A veteran of Was (Not Was) and Kid Rock‘s Twisted Brown Trucker band, and myriad sessions, saxophonist David McMurray came into the late Johnny Hallyday‘s orbit when good pal Don Was produced the French singing icon’s 2014 album Rester Vivant — and never left. Hallyday was so taken with McMurray that he stole him away to be part of his touring band, where McMurray stayed until Hallyday’s final headlining tour ended during August 2016. Back at home in Detroit, with a new solo album of his own due out next year, McMurray talked to Billboard about his time with Hallyday.
Don was producing [Rester Vivant], and [Hallyday] decided he needed a sax. Don said, “I got this guy in Detroit who’s good” and kind of built me up, and they said OK. When I came out, I didn’t know what to expect, but [Was] said, “Just play yourself. Just be yourself,” and we just blasted through the solos, and [Hallyday] was so cool. After the session was over he came up and said, “Do you want to join my band?” I thought he was joking, so I was like, “Oh, yeah, of course! I’m ready!” But he was serious. He came back and said, “OK, you’re going to join my band? It’s a rock ‘n’ roll band.” He told me everything he was going to do, and he pretty much did it. We toured off and on for, like, a year and a half and did some TV shows and things like that.
It was a very cool situation. I’d go back and forth and be in France for a stretch at a time. It’s every musicians dream to go to France and play, right? I actually was in the middle of Paris, right in the middle of town and we’d be playing three gigs a week, so the rest of the week I’m just playing and having a good time. It was something I wished for forever, but it just kind of happened.

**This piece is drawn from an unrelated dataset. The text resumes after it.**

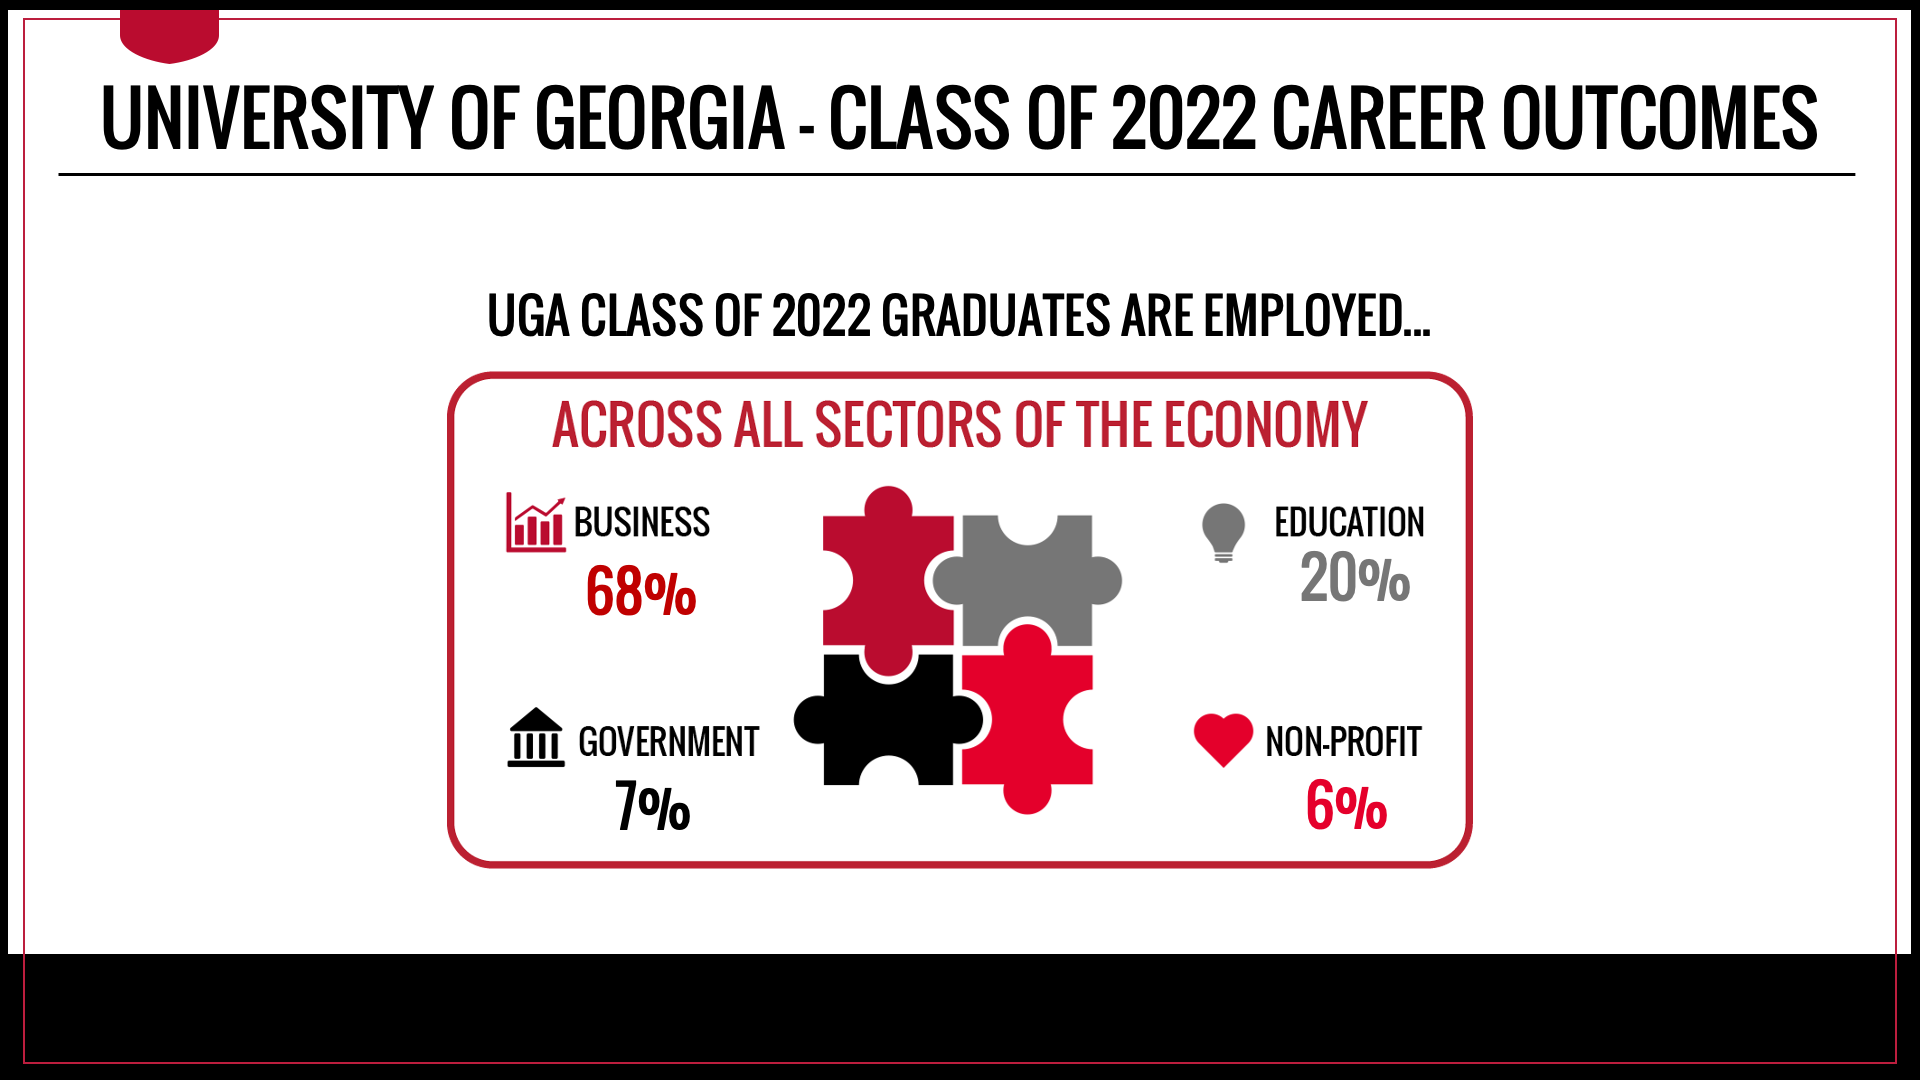 UGA Class of 2022 graduates are working across all sectors of the economy. 68 percent of full-time employed graduates are working in the business sector, 20 percent are working in the education sector, 7 percent are working in the government sector and 6 percent are working in the non-profit sector.

And Johnny, he had a lot of pop hits but he looked at himself as a rock/R&B kind of singer. Besides his own hits we’d be doing covers of Wilson Pickett, these obscure Johnny Guitar Watson songs I didn’t even know. He would sing them in French, but he was really deep into music. Y’know, Jimi Hendrix opened for [Hallyday] in France, and after that Johnny recorded “Hey Joe” and it became a hit for him over there. But he had 40 years of hits. He could do every song a hit but instead he would still put out the Johnny Guitar Watson, stuff he just enjoyed singing. That was very cool.

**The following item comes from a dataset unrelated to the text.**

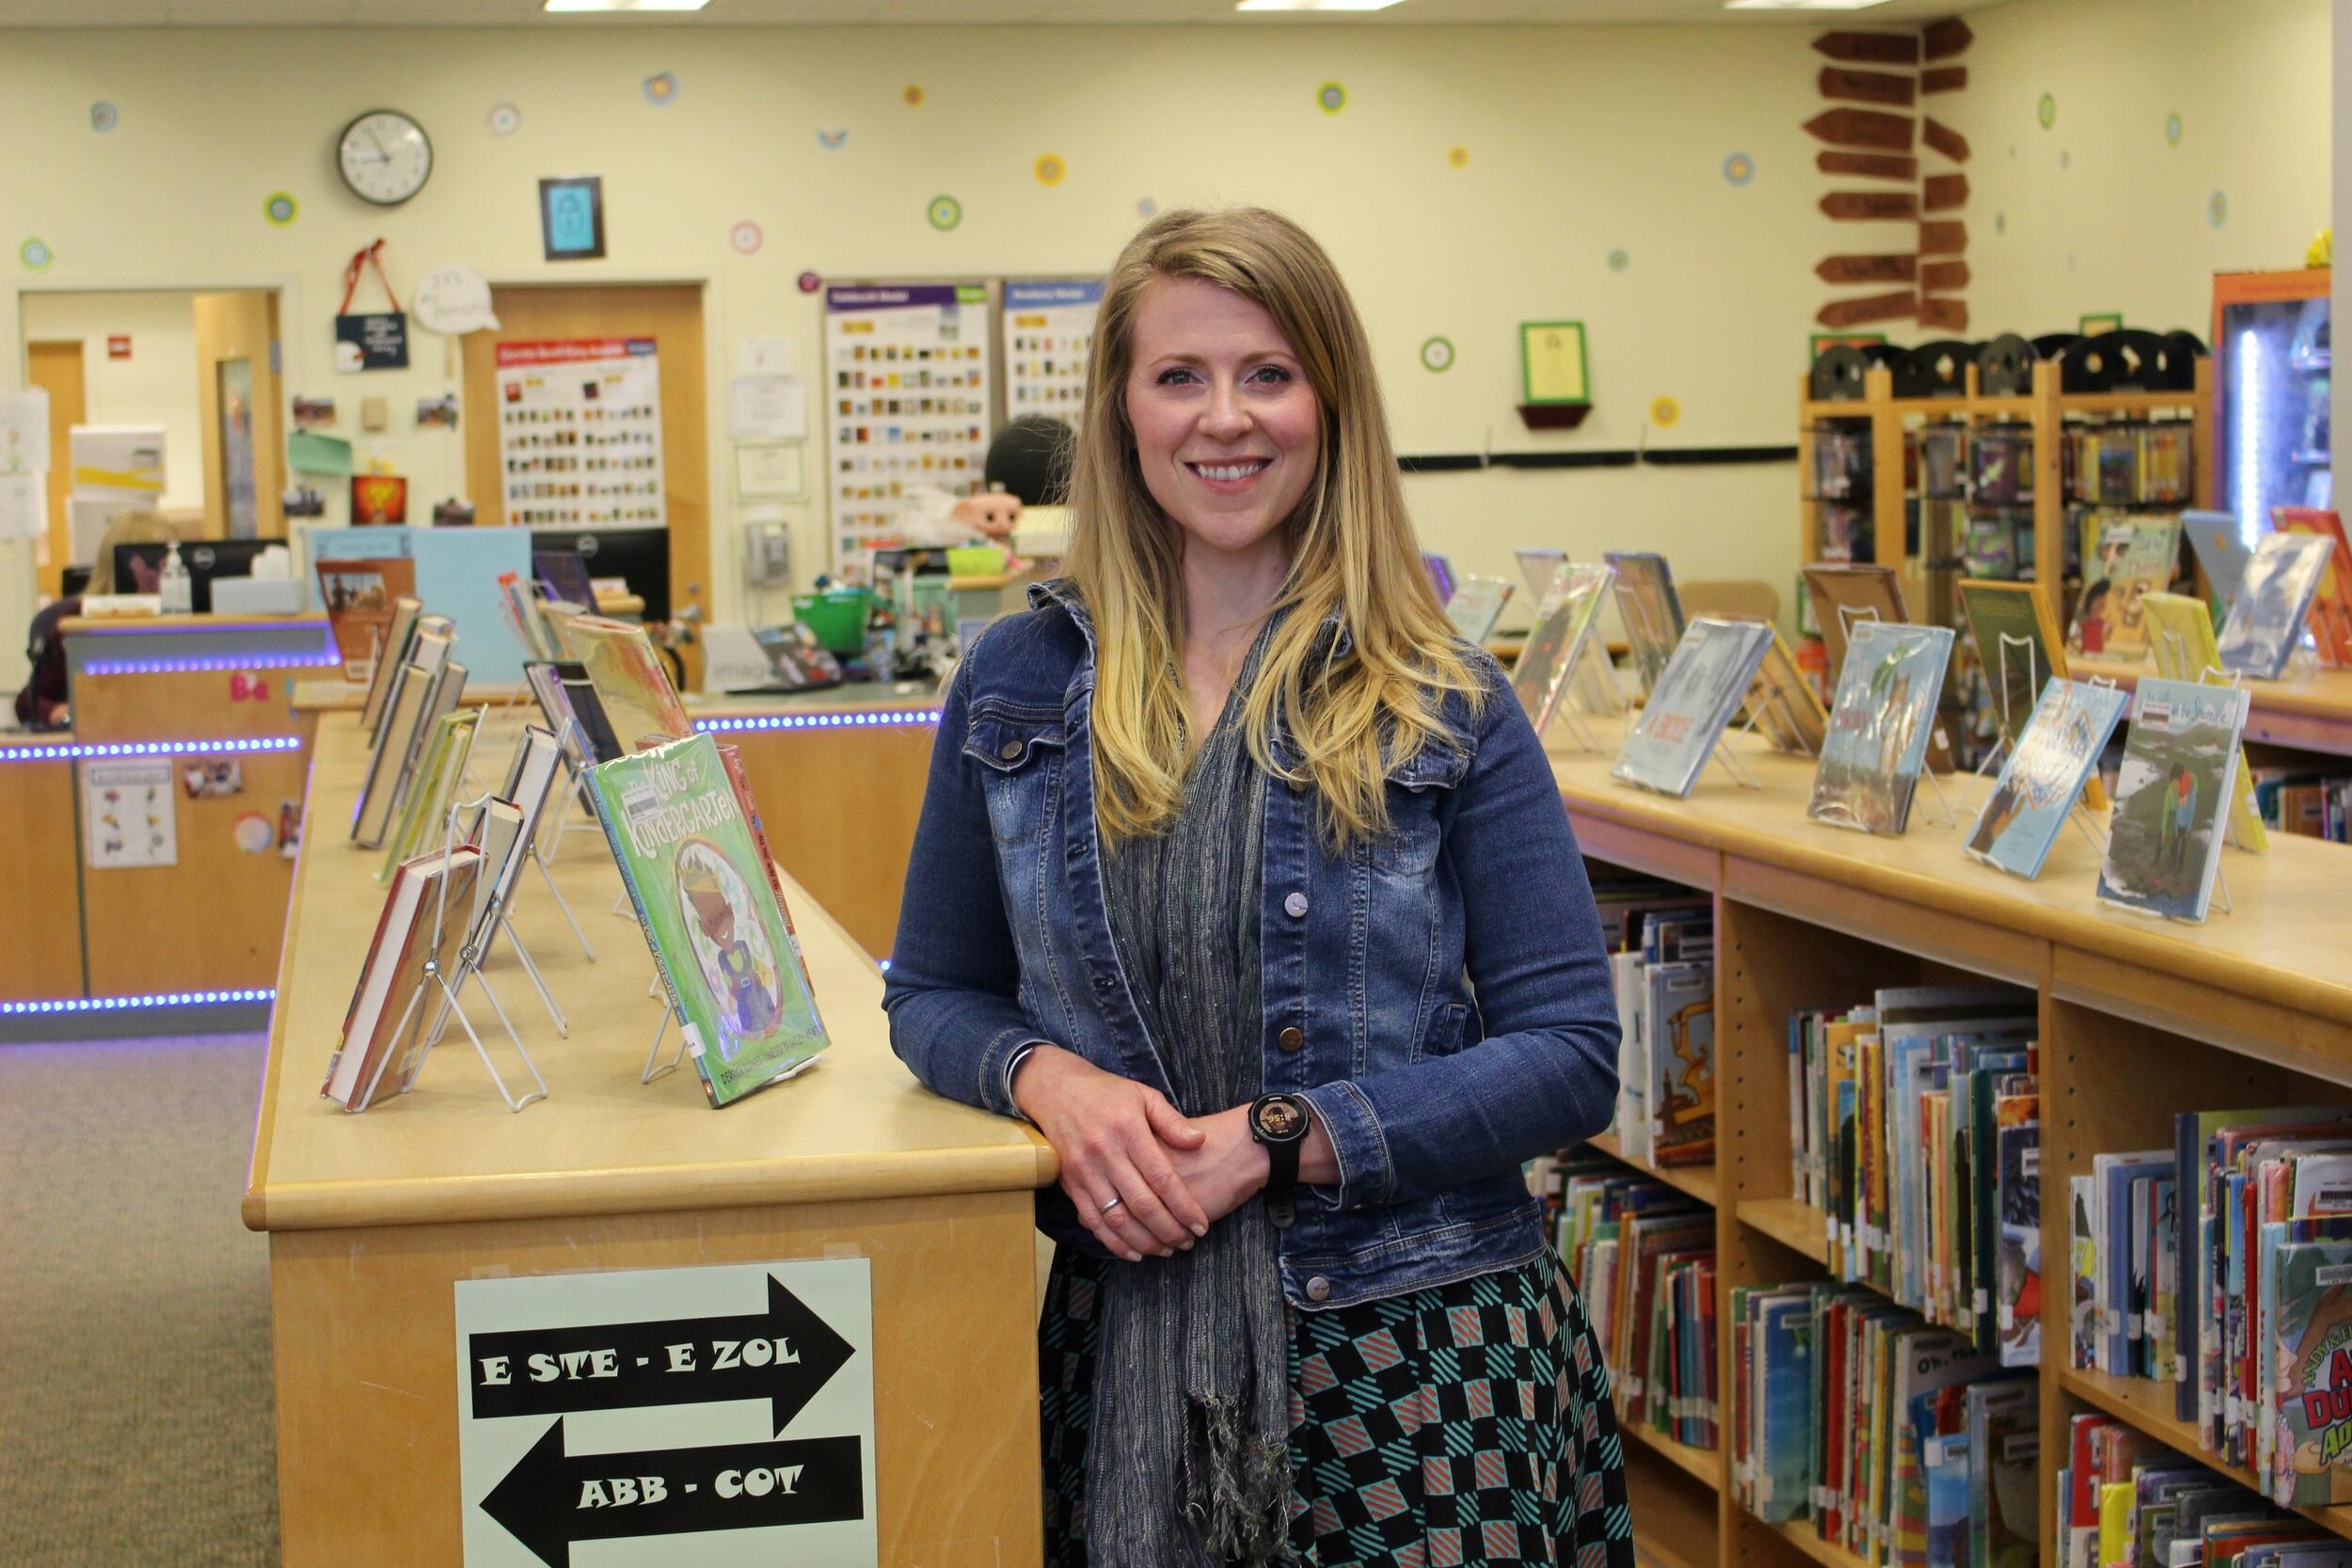 Holly Guelig leaning against a bookshelf in a grade school library

He was such an icon over there. People told me, “He’s big.” “OK, cool.” “No, he’s really big.” One guy said he’s bigger than the president. I said, “Really?” But they weren’t joking. He was someone grandmas knew, and their kids knew ’em and their grandkids.
He was such a great singer. I would listen to the old tapes and when he was young he was a good singer, but by the end he had this big, operatic, deep voice and he would be killing them every night on the gigs. I didn’t really know what he was saying, but people were very emotional about what he was singing. I would look out every night and there’d be women out there crying and guys with their hands reaching out, like they’re singing the songs themselves. It was powerful.
He was a great guy, too. I could tell he kinda respected me and stuff like that, but he was really just a good guy, and I learned from him, just watching how he handled the stage. He would just go out there and kill them. He still had that powerful voice and just delivered every time he was on stage.
People knew he had cancer, but he was such a fighter. They called him The Boss over there; All the other singers, no matter how old they were, he was ahead of all of them. Everybody was like, “Oh, he’s gonna beat this.” Somewhere in the middle of this year he went out and did one of those all-star singer tours, and my friends who were in the band went and I said, “How did he look?” “He looks great. He sounds great!” He wasn’t giving up or anything like that. Everybody thought, “He’s The Boss. He’s gonna beat this.”
He was still planning on touring. He had the idea he was going to tour next year. It was going to be his 75th year, so [he was] gonna do a special tour, in the round or something like that. He was looking forward to it. And the last time I saw him he said, “I will see you in California. We’re recording a new record in California. I’ll fly you out and we will do that,” and I’m like, “Yeah!” But he didn’t get to that point.
I actually heard from some of his fans, serious fans who you’d see at 10, 15 shows on a tour. They were writing me ’cause they were concerned. They said, “Put Johnny in your prayers,” and I was like, “Wow, this might be more serious than I thought.” But people cared about him that much, and I’m so grateful I got to experience that. He gave me the experience of a lifetime.